Avec cette 2nde victoire en quelques jours, sa 3e en 2 ans, mais aussi les nombreux points pris aux différents sprints intermédiaires dans les étapes de montagne, Matthews a réduit son retard par rapport à Kittel de 130 à 29 unités entre mercredi dernier (encore 128 après Foix jeudi) et aujourd’hui. La logique voudrait que le seul concurrent du quintuple vainqueur d’étapes de cette édition aille chercher les 20 points du sprint intermédiaire de mercredi pour se rapprocher encore plus.

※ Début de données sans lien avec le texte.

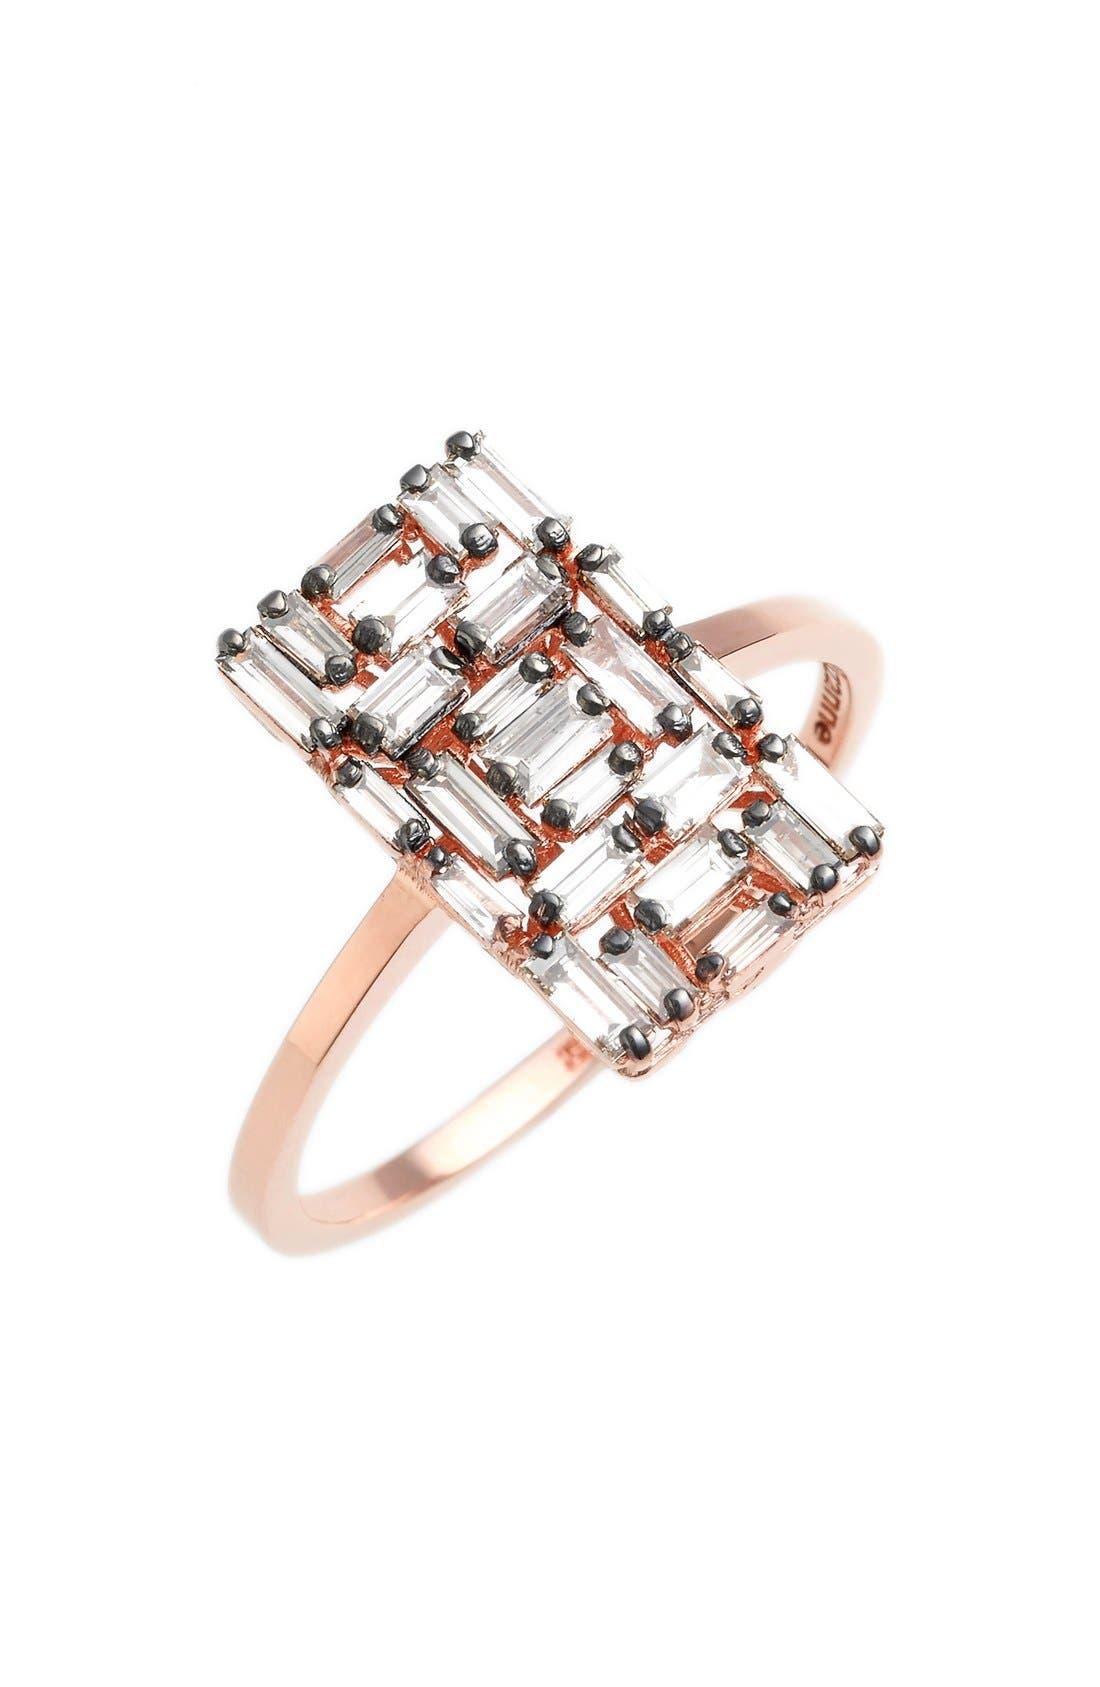 Suzanne Kalan 'Fireworks' Rectangular Baguette Diamond Ring

Je crois de plus en plus au scenario dans lequel Sunweb rentrera à Paris avec le vert, les pois et le prix du super-combatif.

Je vous propose le résumé vidéo.

Mais ce n’est pas tout, en bonus, voici la vidéo de toute la dernière partie de la course, celle avec la bordure.

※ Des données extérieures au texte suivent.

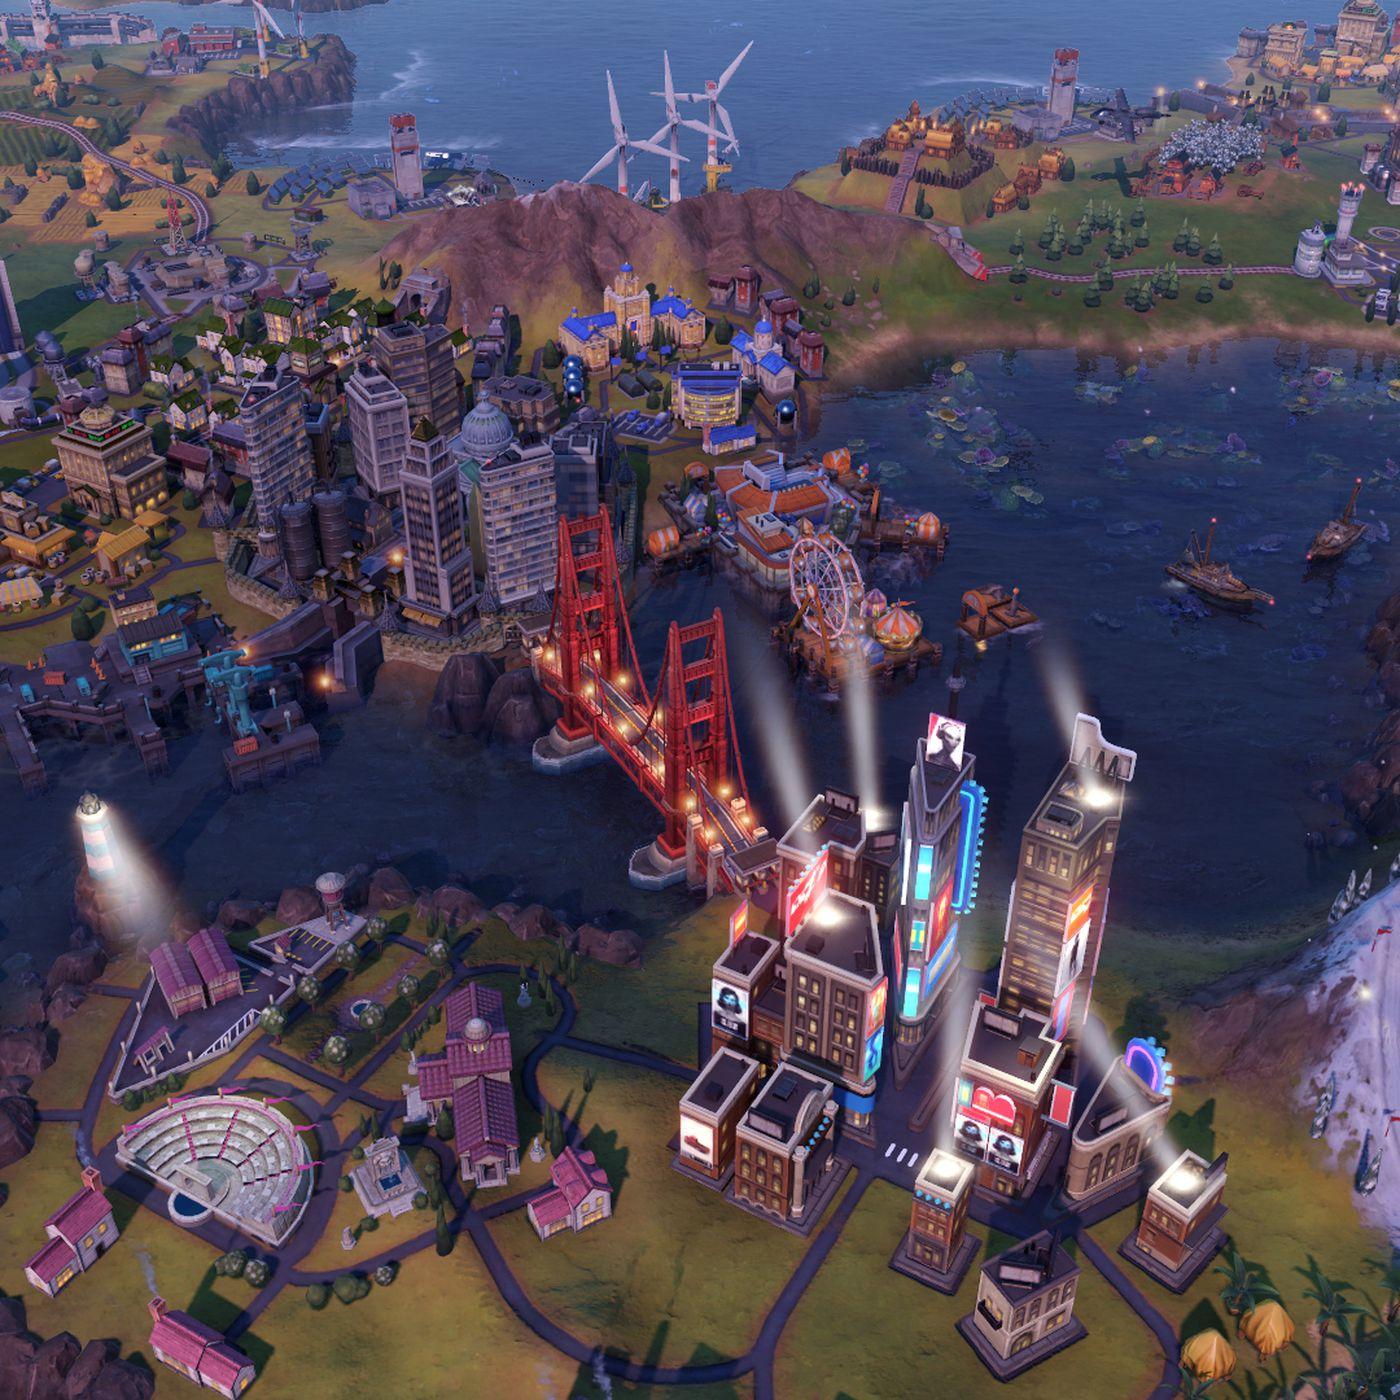 Civilization 6 expansion Gathering Storm will address

Les 2 prochaines journées seront probablement folles. S’il ne se passe rien dans les Alpes alors que tout a été fait pour que les cyclistes arrivent fatigués dans ces cols à nettement plus de 2000m d’altitude où l’oxygène se fait rare, alors c’est à désespérer du cyclisme. Dans ce cas, la fin du Tour serait une délivrance y compris pour les téléspectateurs. Je reste néanmoins optimiste en misant à la fois sur une dernière victoire d’étape française et un podium de Bardet à Paris (je l’imagine plutôt 3e).